===== DATASET CONTENT

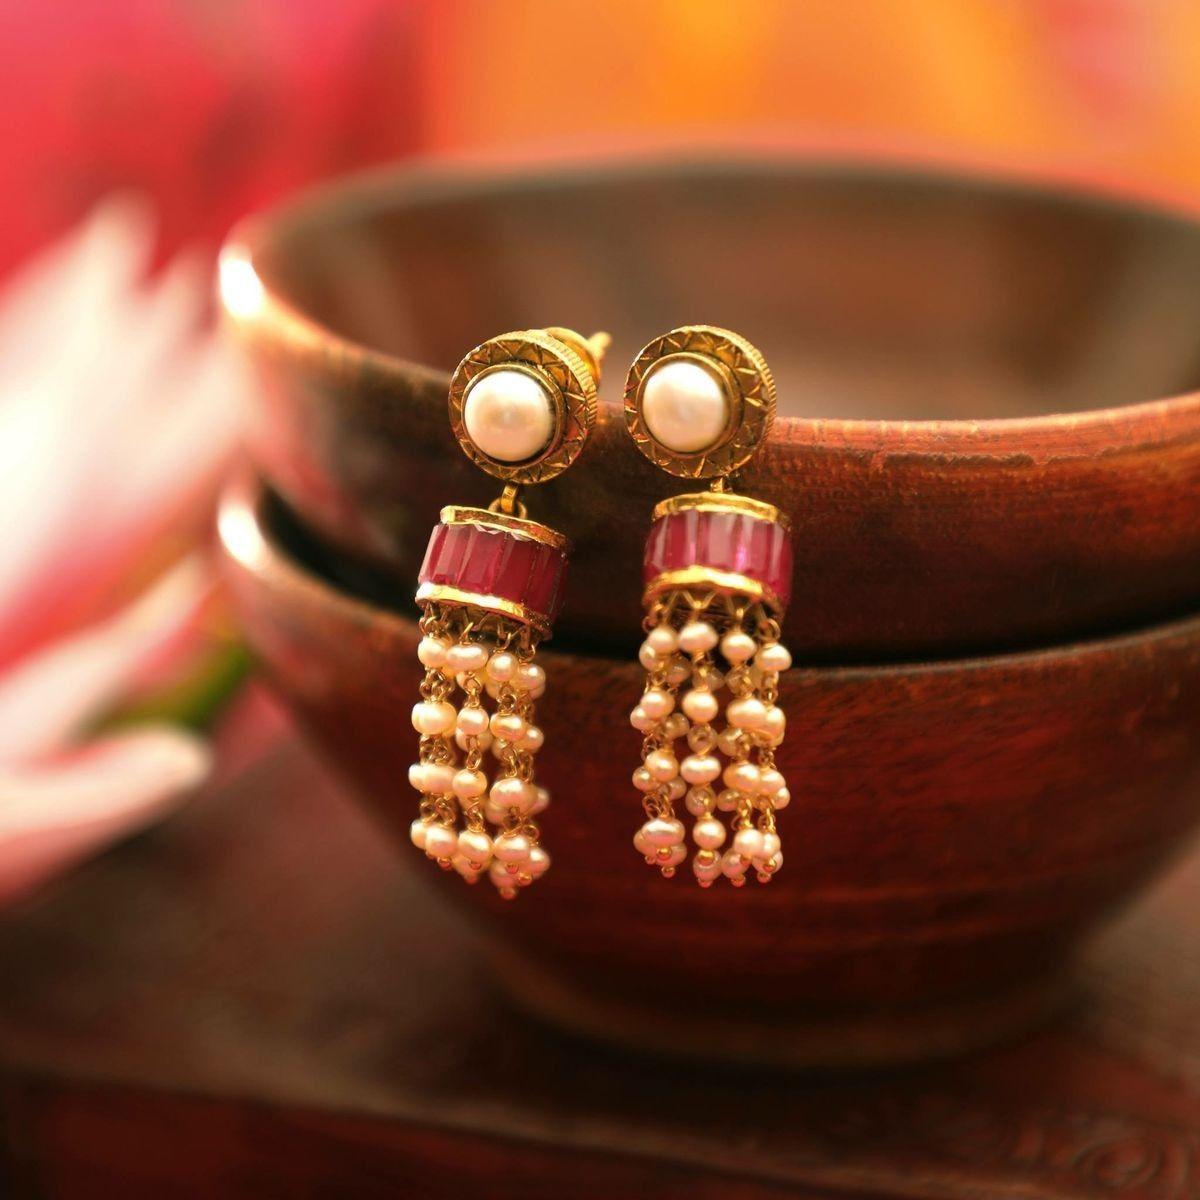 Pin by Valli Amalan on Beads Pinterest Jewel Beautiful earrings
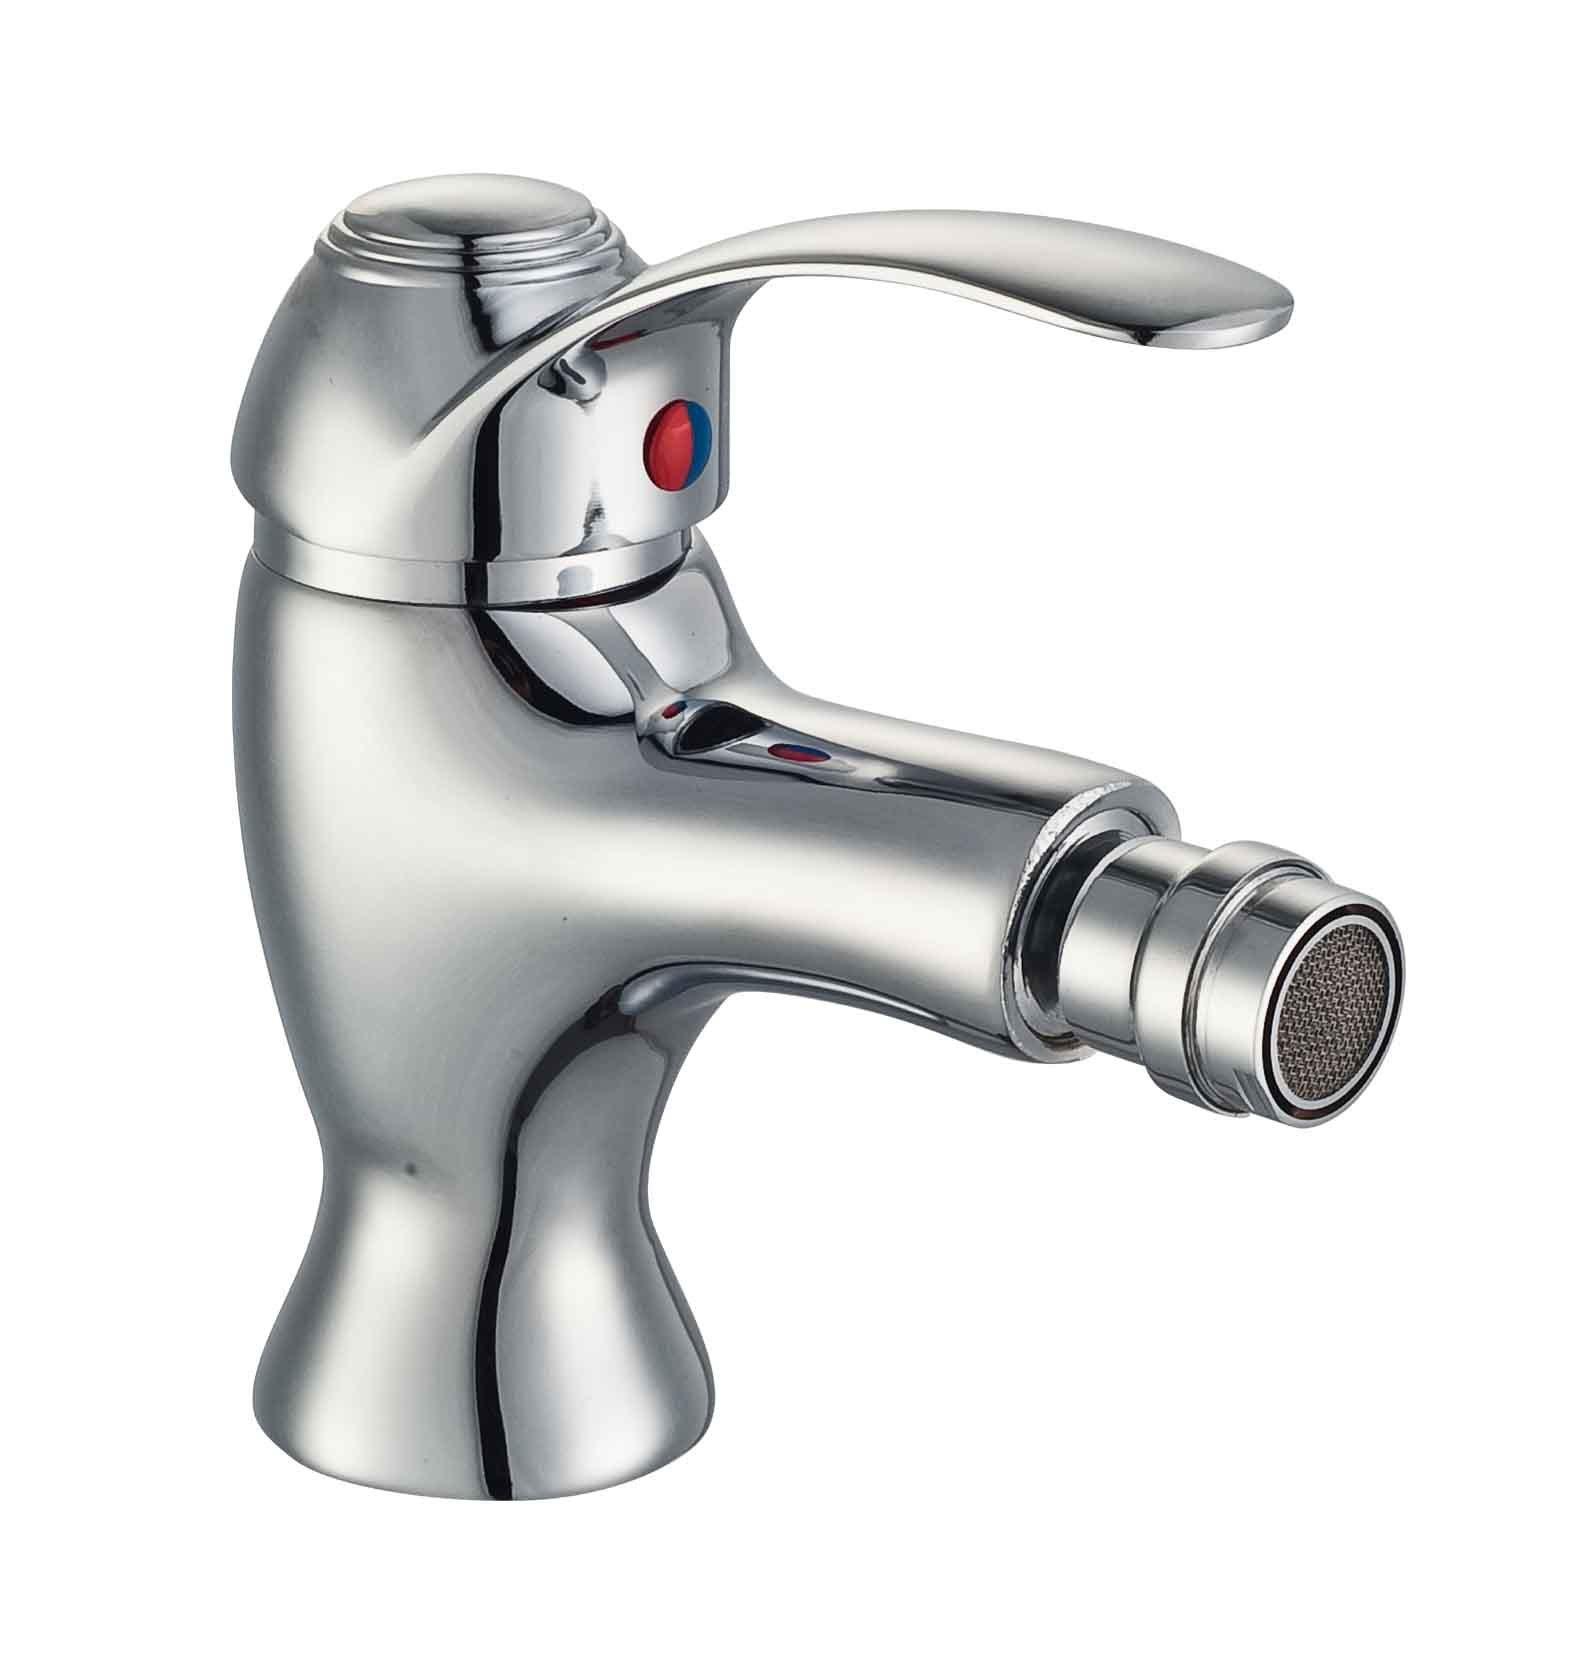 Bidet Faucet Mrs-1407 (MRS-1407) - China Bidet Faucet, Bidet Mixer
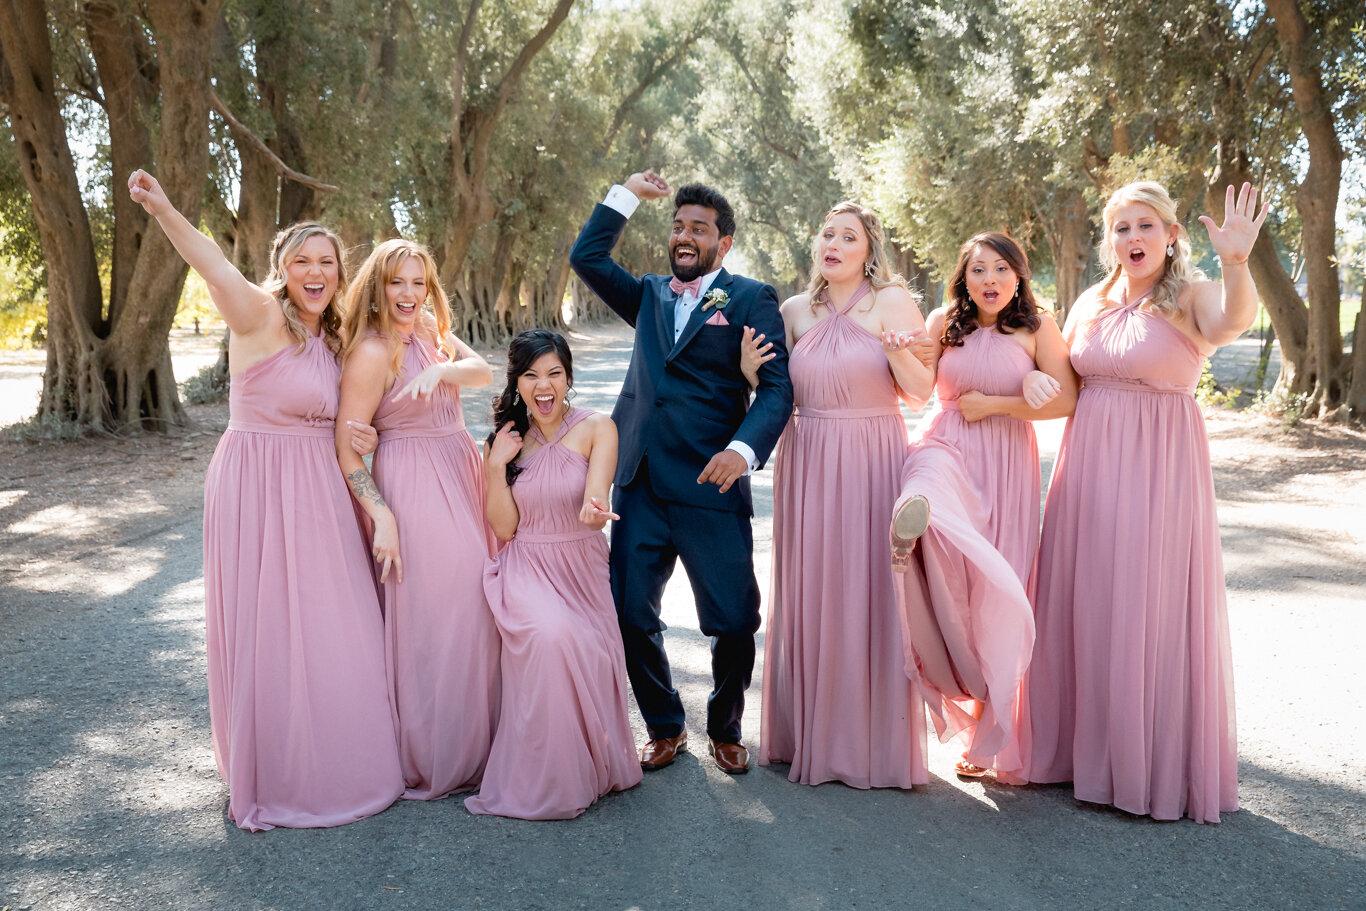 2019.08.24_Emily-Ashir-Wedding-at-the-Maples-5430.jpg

==========

- YOUR TASK: Without the pictures, repeat exactly the lines running from the line containing "Bidet Faucet Mrs-1407" through the end of the data, both ends included.

- ANSWER BOX:
 Bidet Faucet Mrs-1407 (MRS-1407) - China Bidet Faucet, Bidet Mixer
 2019.08.24_Emily-Ashir-Wedding-at-the-Maples-5430.jpg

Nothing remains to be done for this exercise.